- _DATA SHOWN_:
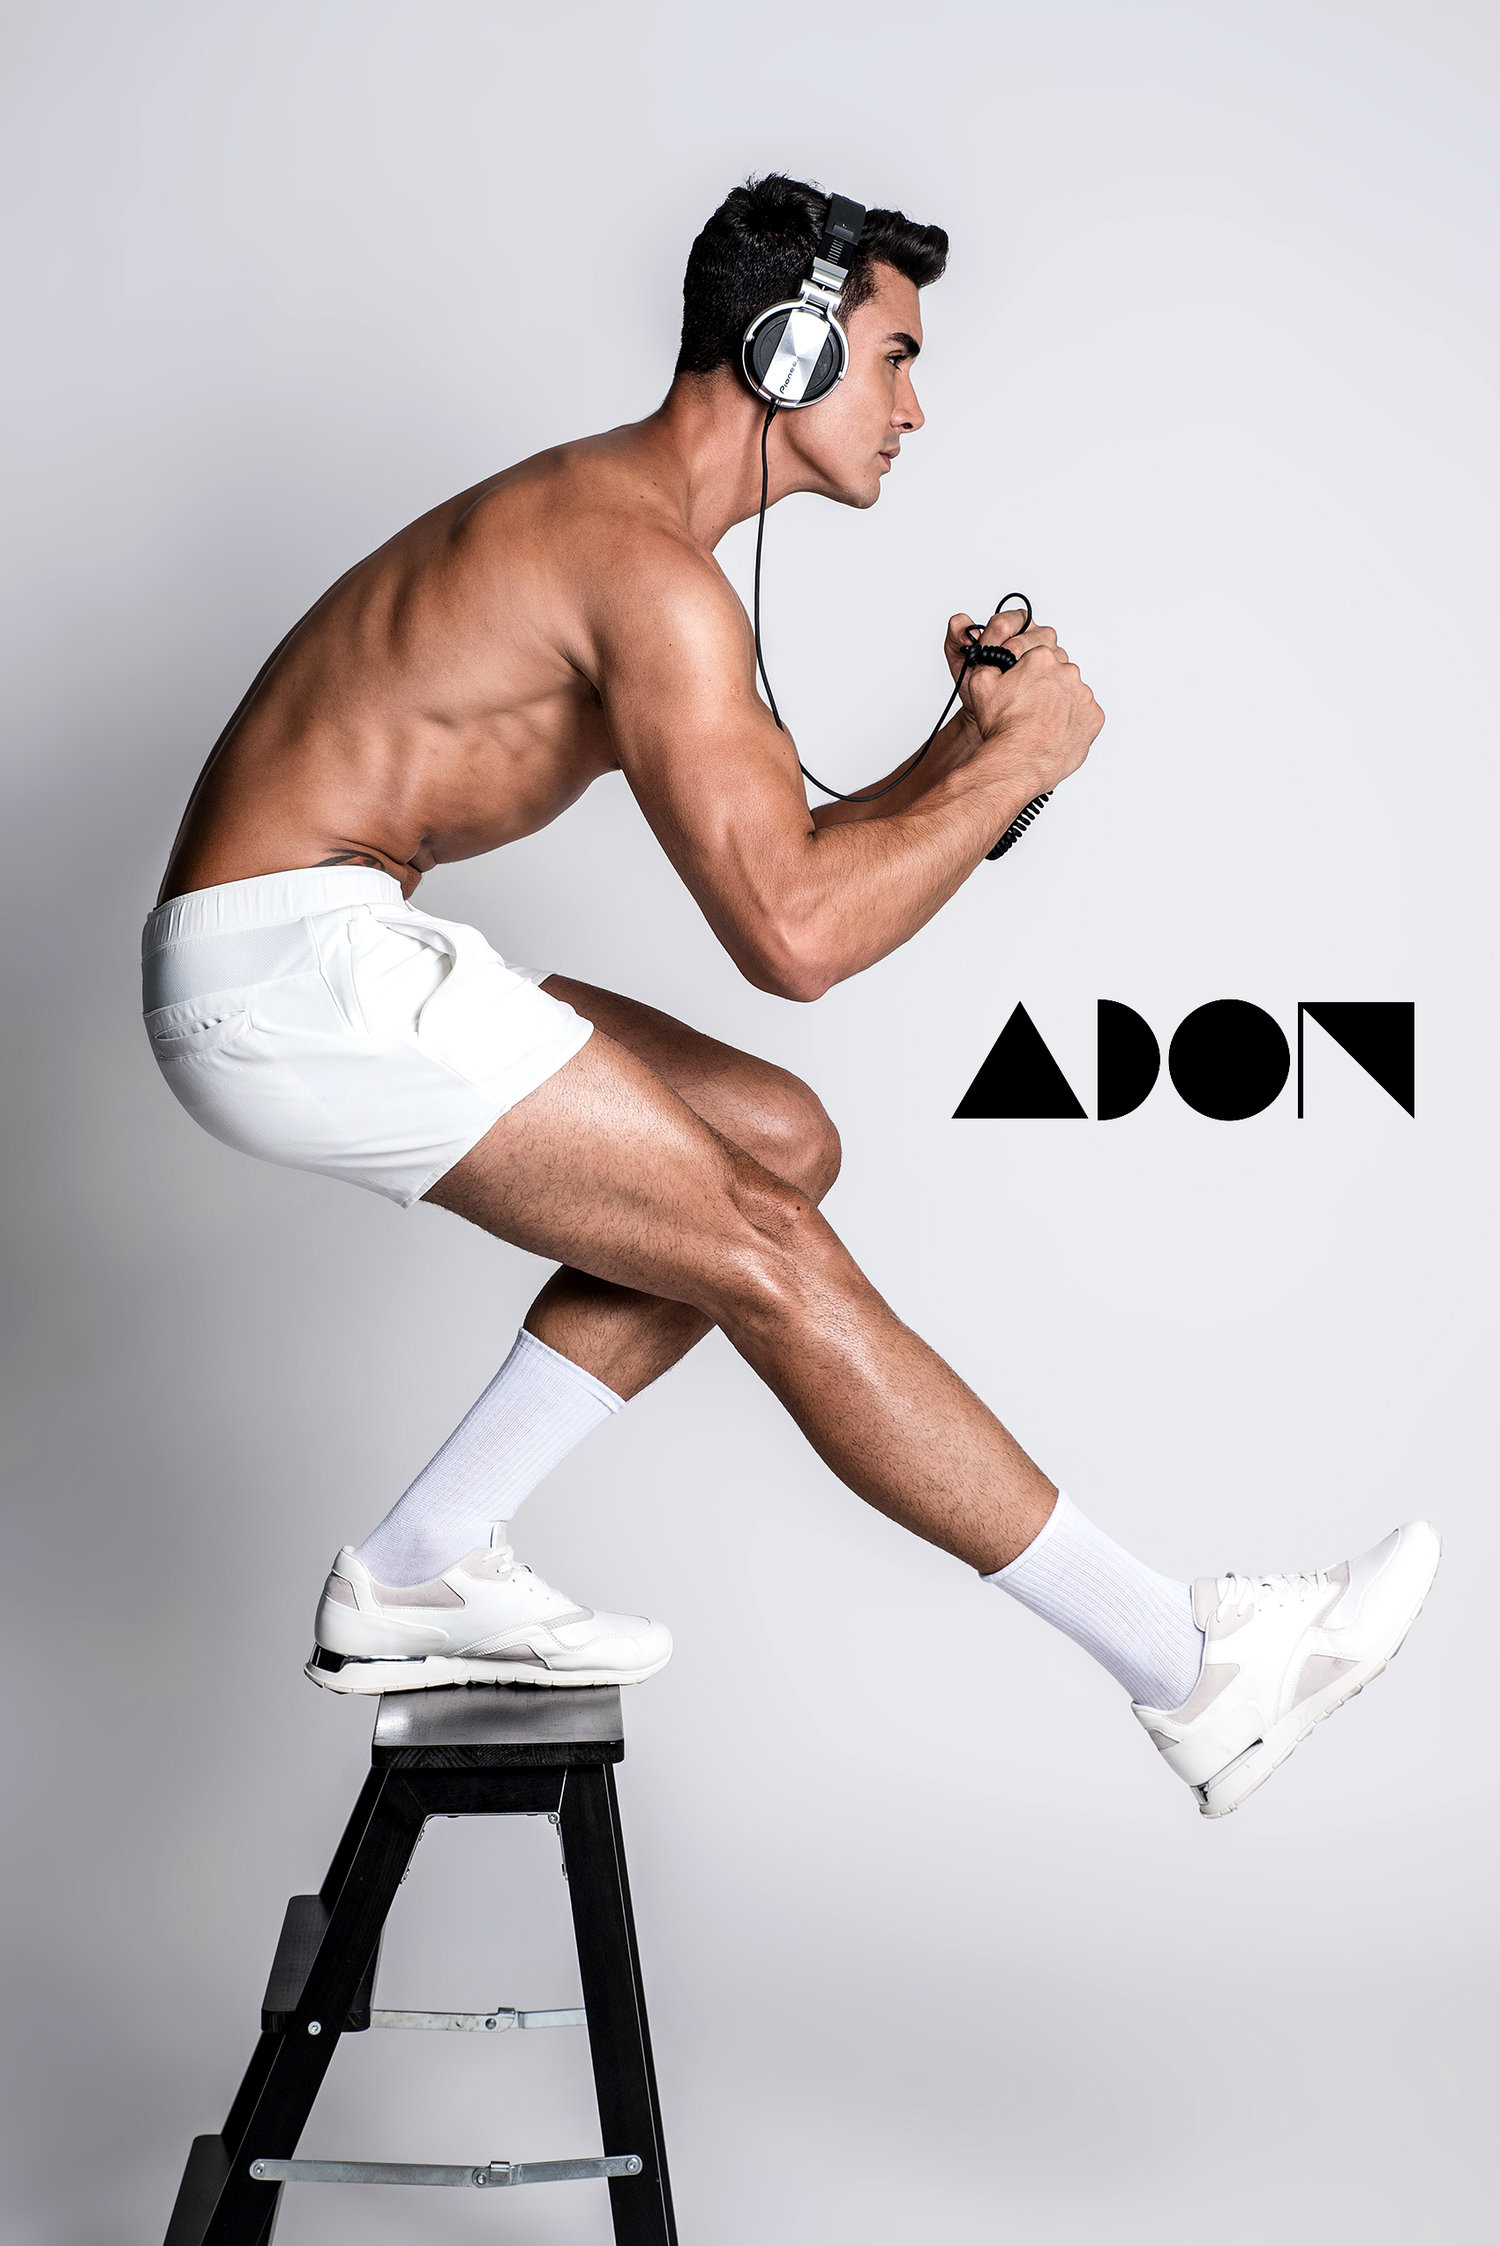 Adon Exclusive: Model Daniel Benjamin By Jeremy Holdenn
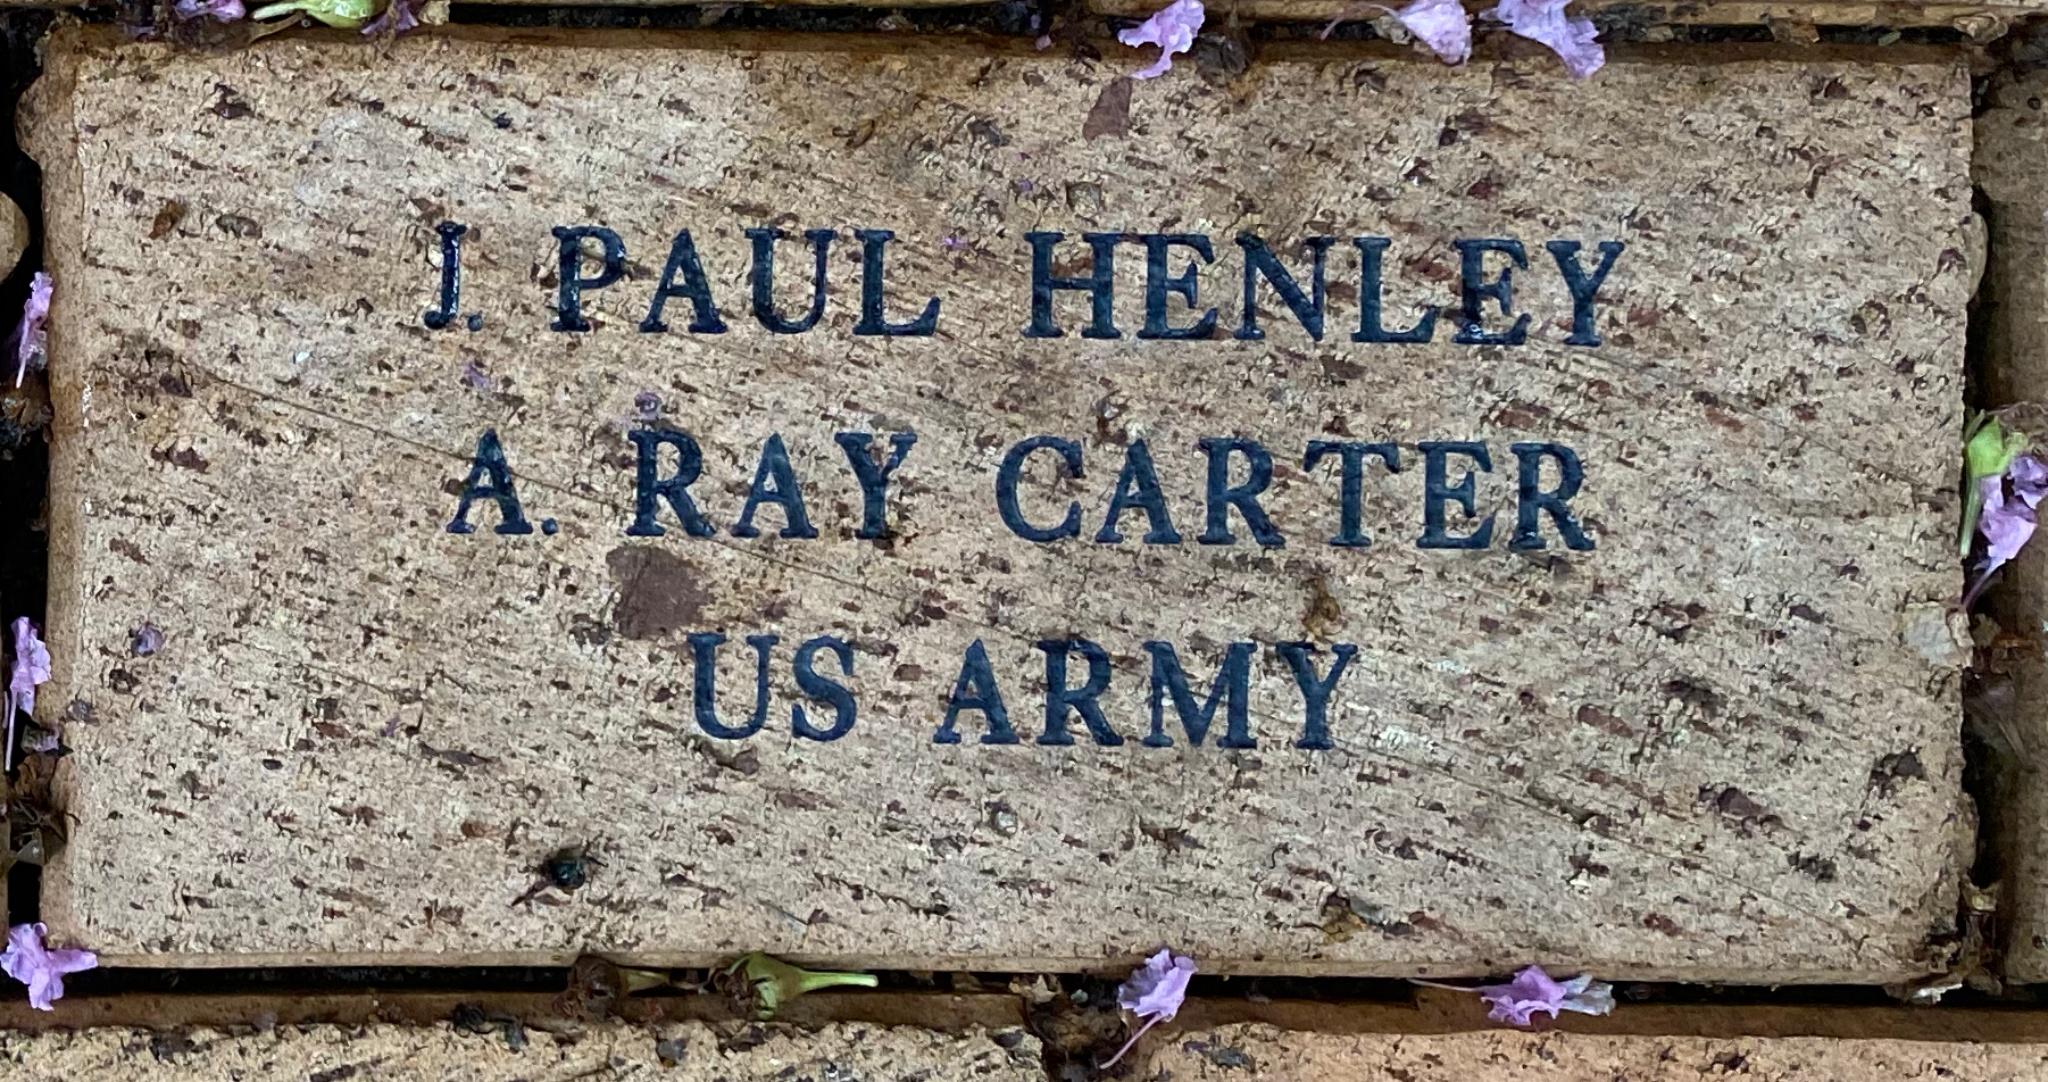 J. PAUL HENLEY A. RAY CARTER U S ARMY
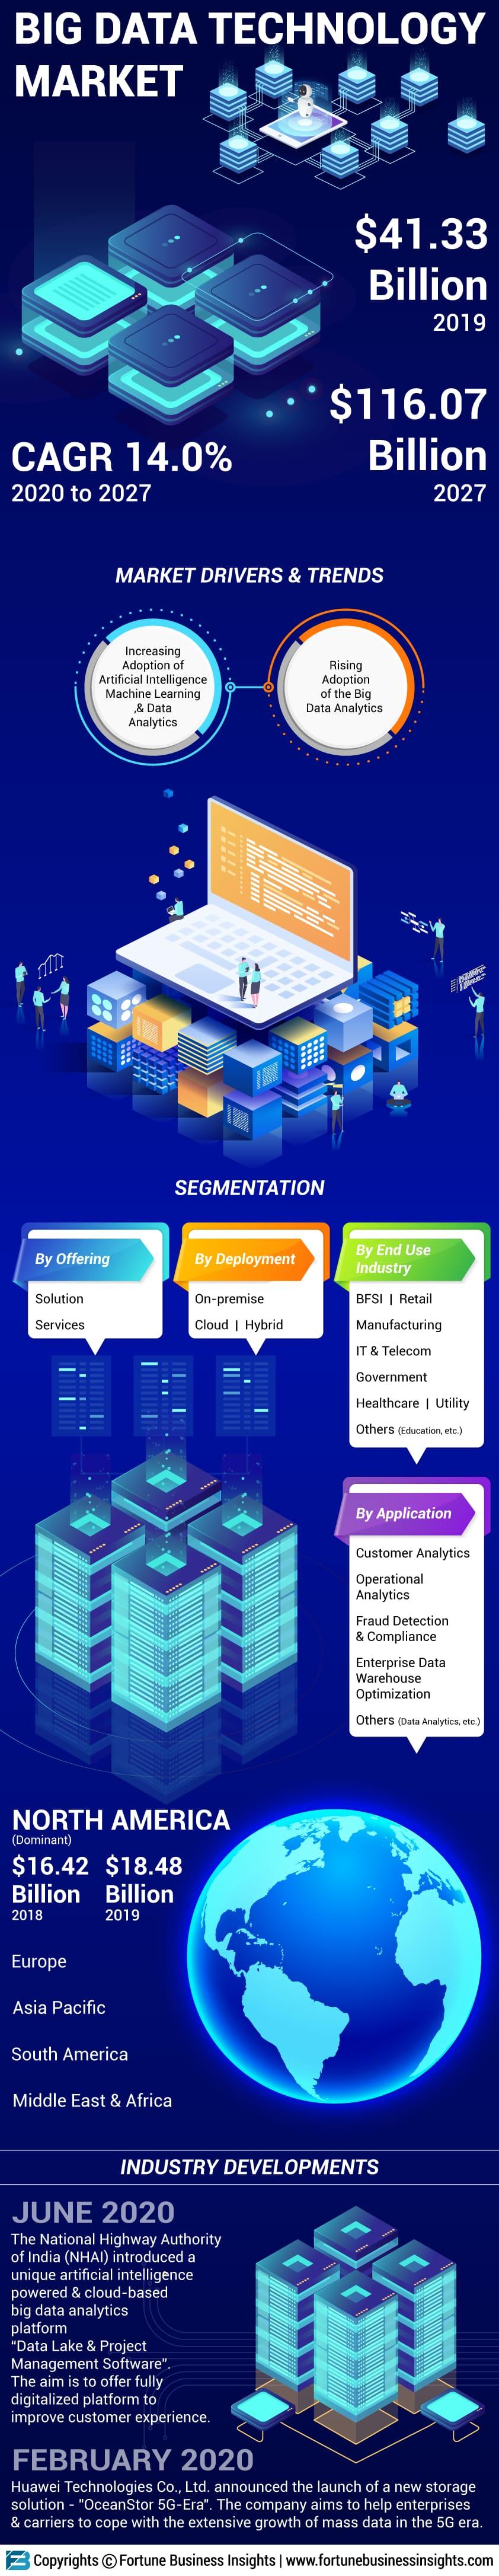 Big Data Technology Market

- _WHAT THIS TASK INVOLVES_: Would you please set down the listing above exactly, minus its images?

- _RESPONSE TO THE TASK_:
 Adon Exclusive: Model Daniel Benjamin By Jeremy Holdenn
 J. PAUL HENLEY A. RAY CARTER U S ARMY
 Big Data Technology Market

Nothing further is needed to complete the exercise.